**Exercise prompt**
Go to the line holding "Procedures for Dealing" in the entries below and write out exactly every line down to and including the line holding "Vaccination records at your fingertips.".

**Material for this task**
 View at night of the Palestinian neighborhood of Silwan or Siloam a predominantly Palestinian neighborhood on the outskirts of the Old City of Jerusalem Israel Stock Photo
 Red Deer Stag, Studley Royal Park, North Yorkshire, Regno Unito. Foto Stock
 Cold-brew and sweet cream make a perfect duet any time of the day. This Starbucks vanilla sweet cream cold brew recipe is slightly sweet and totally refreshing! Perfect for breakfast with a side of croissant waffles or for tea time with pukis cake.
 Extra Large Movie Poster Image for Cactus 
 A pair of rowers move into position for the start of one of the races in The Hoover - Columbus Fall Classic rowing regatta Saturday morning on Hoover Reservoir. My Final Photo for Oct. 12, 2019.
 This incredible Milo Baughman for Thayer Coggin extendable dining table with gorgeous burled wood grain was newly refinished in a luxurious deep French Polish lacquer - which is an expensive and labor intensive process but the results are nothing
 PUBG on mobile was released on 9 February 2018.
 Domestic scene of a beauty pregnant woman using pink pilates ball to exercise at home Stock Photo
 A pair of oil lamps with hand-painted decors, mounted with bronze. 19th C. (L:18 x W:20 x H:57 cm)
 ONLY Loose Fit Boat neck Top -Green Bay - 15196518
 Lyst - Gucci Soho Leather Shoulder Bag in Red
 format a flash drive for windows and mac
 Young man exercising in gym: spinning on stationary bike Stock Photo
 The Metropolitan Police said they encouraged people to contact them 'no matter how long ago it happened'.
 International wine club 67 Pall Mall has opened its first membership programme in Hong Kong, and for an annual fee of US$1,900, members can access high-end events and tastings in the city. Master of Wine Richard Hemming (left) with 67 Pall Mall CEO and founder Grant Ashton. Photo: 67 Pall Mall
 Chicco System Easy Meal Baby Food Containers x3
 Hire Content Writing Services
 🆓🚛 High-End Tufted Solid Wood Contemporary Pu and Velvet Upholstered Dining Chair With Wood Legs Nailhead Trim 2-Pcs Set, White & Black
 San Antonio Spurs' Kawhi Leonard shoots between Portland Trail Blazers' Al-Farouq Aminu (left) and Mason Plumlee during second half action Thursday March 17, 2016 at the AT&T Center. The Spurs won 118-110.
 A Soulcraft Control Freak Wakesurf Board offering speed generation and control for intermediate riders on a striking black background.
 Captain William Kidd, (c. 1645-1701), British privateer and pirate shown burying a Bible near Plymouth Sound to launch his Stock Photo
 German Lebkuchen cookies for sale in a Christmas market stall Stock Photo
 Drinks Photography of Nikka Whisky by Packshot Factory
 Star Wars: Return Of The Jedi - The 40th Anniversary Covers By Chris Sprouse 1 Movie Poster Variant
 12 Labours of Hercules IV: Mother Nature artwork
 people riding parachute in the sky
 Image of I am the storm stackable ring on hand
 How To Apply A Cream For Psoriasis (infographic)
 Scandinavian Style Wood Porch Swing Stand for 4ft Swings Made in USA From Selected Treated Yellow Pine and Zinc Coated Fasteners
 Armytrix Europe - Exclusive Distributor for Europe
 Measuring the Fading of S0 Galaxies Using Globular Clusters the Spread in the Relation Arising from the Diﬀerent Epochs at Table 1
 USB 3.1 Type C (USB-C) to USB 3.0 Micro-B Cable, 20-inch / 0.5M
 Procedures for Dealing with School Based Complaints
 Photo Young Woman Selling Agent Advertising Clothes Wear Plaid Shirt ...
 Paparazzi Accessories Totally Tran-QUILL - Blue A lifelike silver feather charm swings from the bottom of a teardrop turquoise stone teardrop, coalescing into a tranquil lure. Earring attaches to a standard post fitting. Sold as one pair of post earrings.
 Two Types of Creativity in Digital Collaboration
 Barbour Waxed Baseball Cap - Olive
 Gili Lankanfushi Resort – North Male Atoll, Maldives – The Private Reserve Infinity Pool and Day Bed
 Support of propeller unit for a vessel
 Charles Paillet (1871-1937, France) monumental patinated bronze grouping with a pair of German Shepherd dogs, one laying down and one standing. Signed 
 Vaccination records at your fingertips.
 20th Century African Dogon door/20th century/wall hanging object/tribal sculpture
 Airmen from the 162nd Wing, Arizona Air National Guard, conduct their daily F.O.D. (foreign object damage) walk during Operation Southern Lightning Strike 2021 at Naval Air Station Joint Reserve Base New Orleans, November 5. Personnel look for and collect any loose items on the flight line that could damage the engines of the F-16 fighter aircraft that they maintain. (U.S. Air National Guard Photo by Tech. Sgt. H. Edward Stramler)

**The completed task**
 Procedures for Dealing with School Based Complaints
 Photo Young Woman Selling Agent Advertising Clothes Wear Plaid Shirt ...
 Paparazzi Accessories Totally Tran-QUILL - Blue A lifelike silver feather charm swings from the bottom of a teardrop turquoise stone teardrop, coalescing into a tranquil lure. Earring attaches to a standard post fitting. Sold as one pair of post earrings.
 Two Types of Creativity in Digital Collaboration
 Barbour Waxed Baseball Cap - Olive
 Gili Lankanfushi Resort – North Male Atoll, Maldives – The Private Reserve Infinity Pool and Day Bed
 Support of propeller unit for a vessel
 Charles Paillet (1871-1937, France) monumental patinated bronze grouping with a pair of German Shepherd dogs, one laying down and one standing. Signed 
 Vaccination records at your fingertips.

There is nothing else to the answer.